The use and limits of scientific names in biological informatics.
In: Michel E (Ed.) Anchoring Biodiversity Information: From Sherborn to the 21st century and beyond.
ZooKeys, 2016, 550: 207-223.
doi: 10.3897/zookeys.550.9546
http://zookeys.pensoft.net
http://zoobank.org/A812E05B-5DC3-4BE0-9551-79A80A3B99C8



Ôàéë PDF: remsen_2016_scientific_names_in_biological_informatics.pdf



Abstract


Scientific names serve to label biodiversity information: information related to species. Names, and their underlying taxonomic definitions, however, are unstable and ambiguous. This negatively impacts the utility of names as identifiers and as effective indexing tools in biological informatics where names are commonly utilized for searching, retrieving and integrating information about species. Semiotics provides a general model for describing the relationship between taxon names and taxon concepts. It distinguishes syntactics, which governs relationships among names, from semantics, which represents the relations between those labels and the taxa to which they refer. In the semiotic context, changes in semantics (i.e., taxonomic circumscription) do not consistently result in a corresponding and reflective change in syntax.
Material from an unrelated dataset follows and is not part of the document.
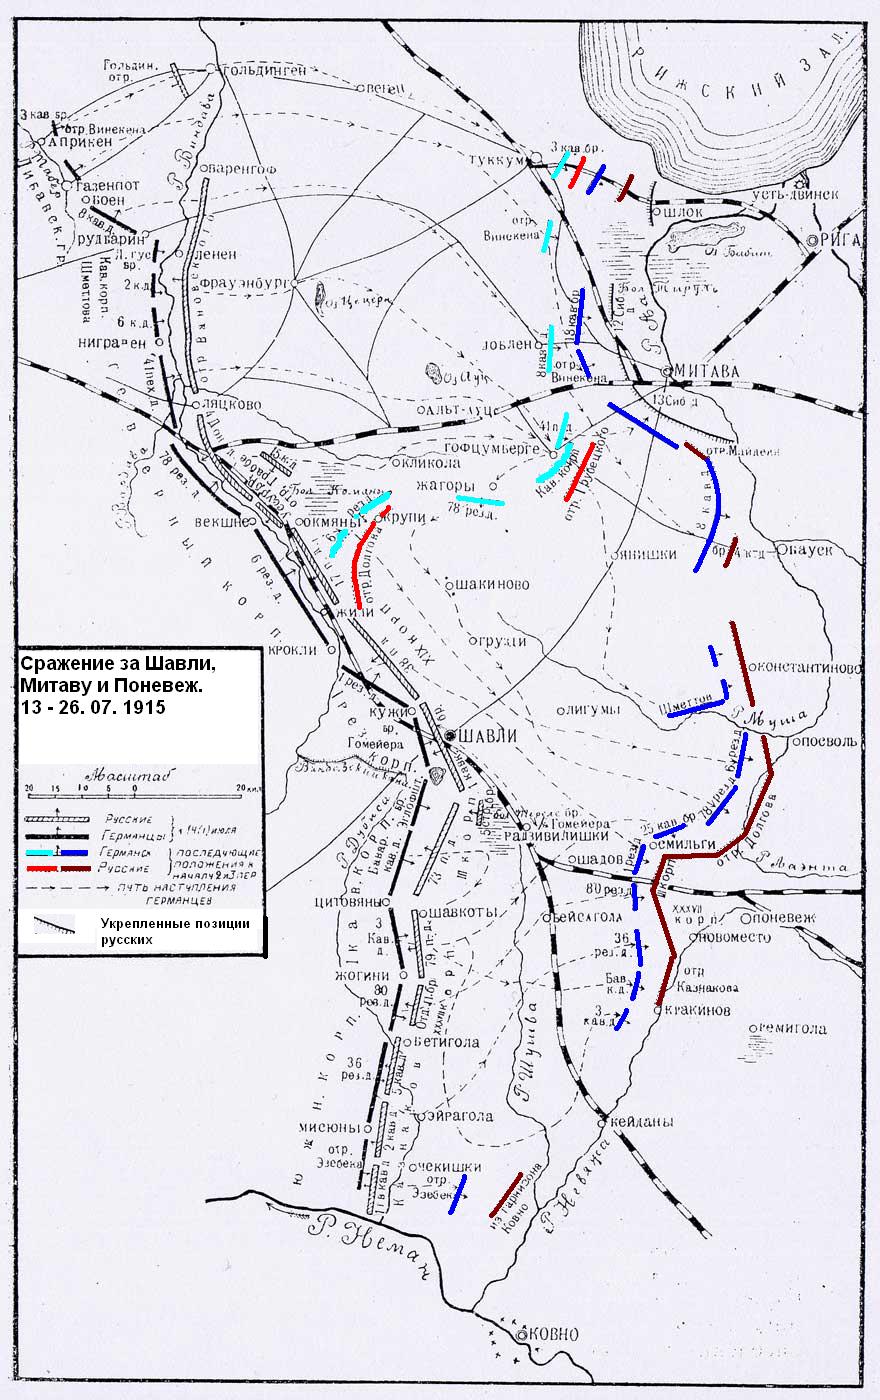 Схема сражения за Шавли, Митаву и Поневеж, 14 - 26 июля 1915 года

Further, when syntactic changes do occur, they may be in response to semantic changes or in response to syntactic rules. This lack of consistency in the cardinal relationship between names and taxa places limits on how scientific names may be used in biological informatics in initially anchoring, and in the subsequent retrieval and integration, of relevant biodiversity information. Precision and recall are two measures of relevance. In biological taxonomy, recall is negatively impacted by changes or ambiguity in syntax while precision is negatively impacted when there are changes or ambiguity in semantics. Because changes in syntax are not correlated with changes in semantics, scientific names may be used, singly or conflated into synonymous sets, to improve recall in pattern recognition or search and retrieval. Names cannot be used, however, to improve precision. This is because changes in syntax do not uniquely identify changes in circumscription.


These observations place limits on the utility of scientific names within biological informatics applications that rely on names as identifiers for taxa. Taxonomic systems and services used to organize and integrate information about taxa must accommodate the inherent semantic ambiguity of scientific names.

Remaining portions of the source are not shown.